Visitors can tell by the plaques on the wall that Melissa Gallagher is proud of her kids.

One award, given to son Tyrese, was signed by the principal of St. Paul's Humboldt High when Tyrese earned academic honors in the 2013-14 school year.

In the past two years, however, Tyrese ran into trouble by arriving late to class and being disruptive when he got there. By the time he left Humboldt for a charter school, he had been suspended six times for nonviolent behavior for two or more days and dismissed from school for parts of nearly 25 others.

While the St. Paul School District is reporting progress on some of the behavioral issues that helped oust former Superintendent Valeria Silva, civil rights advocates see Tyrese's experience as a troubling example of what they deem to be the unfair treatment of black students in schools.

Black students make up less than one-third of the St. Paul district's student population, yet during the first quarter of this school year, they accounted for 77 percent of all suspensions. Attention to the issue is expected to intensify as school board members set about the task of selecting a new superintendent.

"Are we concerned? Yeah. That's an ongoing concern," board Chairman Jon Schumacher said last week of the suspension disparities. He sees hope in moves that include the piloting of alternative approaches to discipline that value relationship-building over punishment.

The district has seen improvement on other fronts.

Student-on-staff violence appears to be on the decline. The Ramsey County attorney's office said it filed eight fourth-degree assault cases involving school employees in St. Paul in 2016, down from 15 in 2015.

A student's attack on a teacher at Central High in 2015 spurred calls for action at the State Capitol to better protect teachers. A legislative group that has been examining student discipline statewide is expected to release its findings next week.

Interim Superintendent John Thein senses when visiting St. Paul schools that the climate is improving.

But nothing carries more weight, he said, than employees being out in the community, leaning over fences, saying, "Things are feeling better in school," and that is happening, too, he said.

At Harding High recently, however, during a community meeting on the superintendent search, a St. Paul elementary teacher spoke of kids running wild in the halls of her school. St. Paul has discipline problems, she said.

Gallagher, sitting across from the teacher, countered that the district doesn't know what to do with kids with ADHD.

"If they are bored with something, they are going to act out," she said. "Instead of suspending or punishing them, learn to deal with them."

Gallagher, as it turns out, was referring to her son.

For years, there has been high emotion, and heavy stakes, around black student suspension in St. Paul.

In 2011-12, Anne Carroll, then a school board member, pinned much of the blame for suspension disparities on teachers and administrators.

Rising in opposition was Aaron Benner, then a district elementary teacher, who said some black students were disrespectful and defiant, and should be held accountable when they misbehave.

About the same time, the district began calling upon teachers to take part in "courageous conversations" examining the potential biases they bring to their jobs. As some bristled, Benner, who is black, gained an ever-widening audience as a critic of Silva and the district's discipline practices.

Khulia Pringle, community organizer for Students for Education Reform (SFER Minnesota), wants to refocus attention on the issue of black students being forced from school — sometimes for seemingly minor infractions. She may circulate a petition on the subject as part of the superintendent search process. She has worked with Tyrese's mother to seek an end to "business as usual" when it comes to suspensions of students like him.

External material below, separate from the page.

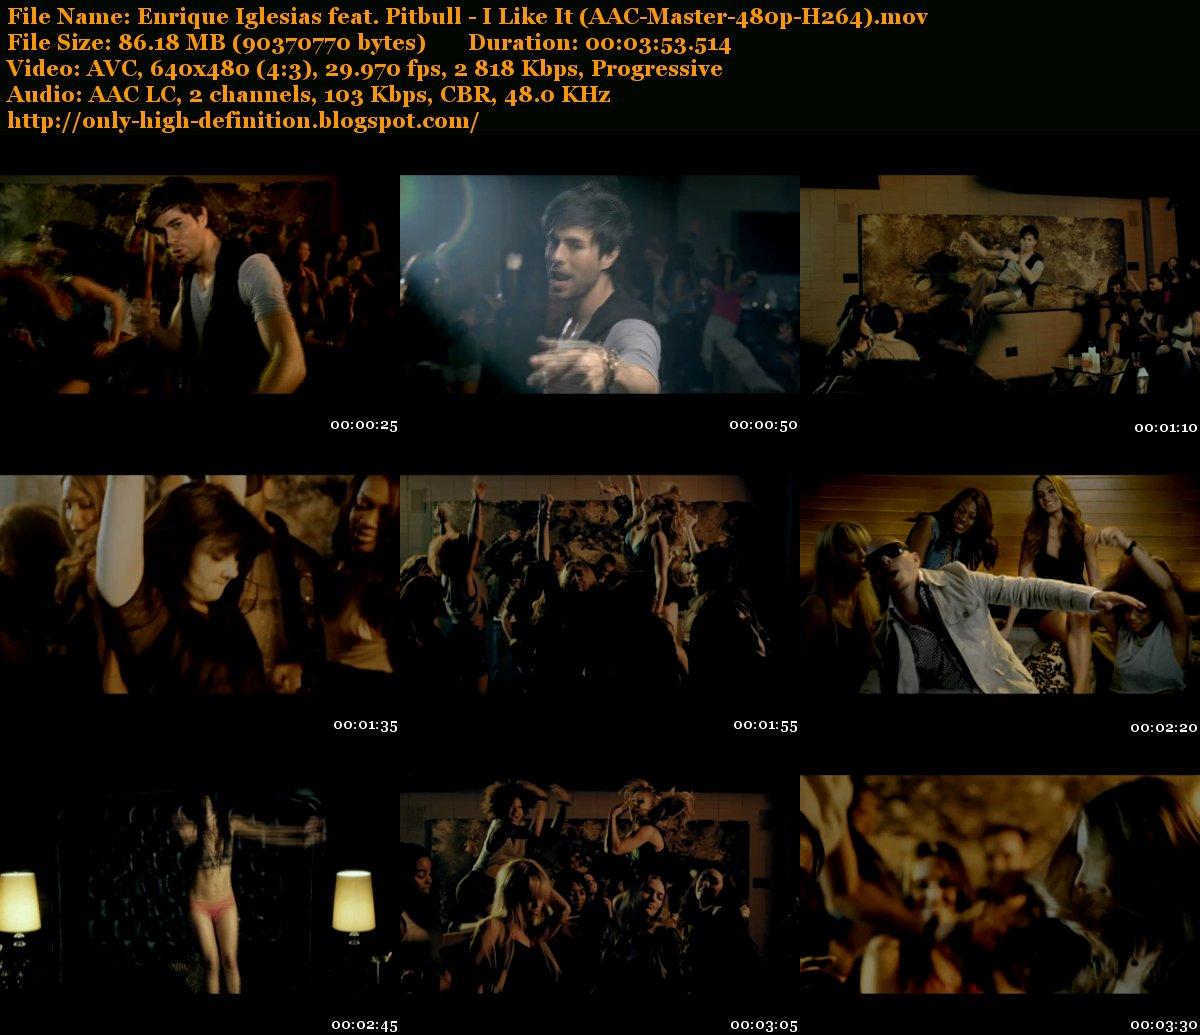 http://1.bp.blogspot.com/-zjYYQ7wbHIs/UD4oCWxX7aI/AAAAAAAAD5M/z8exenIiOpw/s1600/Enrique+Iglesias+feat.+Pitbull+-+I+Like+It+%28AAC-Master-480p-H264%29.mov_tn.jpg

A district behavioral report on Tyrese runs 77 pages, with 74 documenting his experience at Humboldt. In addition to being dismissed for infractions that included being late to class and disobeying orders to put away his phone and refrain from "play fighting," he was required to serve in-school suspensions on more than 25 other occasions. Out-of-school suspensions involve more serious violations, and in Tyrese's six cases, they included throwing apples at another student, running out of class to witness a fight and alleged "gang activity" that consisted of an administrator overhearing him talking about a gang in a hallway.

Gallagher said her son can get restless when not on his medication. She said the only intervention offered by the school was to ensure he took his medication. She said he trusted only one teacher, Theresa Behnke, who is active in an after-school program to which Tyrese was referred in November. Rather than send him there, however, his mother enrolled him in a charter school, where she says he is thriving again.

Asked about the mother's claims that Humboldt offered no behavioral services to her son, Toya Stewart Downey, a district spokeswoman, said the district cannot say what help, if any, it has provided to a student. But, she said, it has a "multitude of services" available to tailor to a student's needs.

Minneapolis also struggles

Minneapolis, too, has struggled with suspension disparities. In 2014-15, when former Superintendent Bernadeia Johnson barred kindergartners and first-graders from being suspended for nonviolent behavior, black students accounted for 78 percent of all suspensions.

A proposal to stop suspending kids from preschool through third grade was a recommendation considered by the legislative group on student discipline. So, too, was an increase in support services. The group will present its findings to a state Senate panel on Thursday.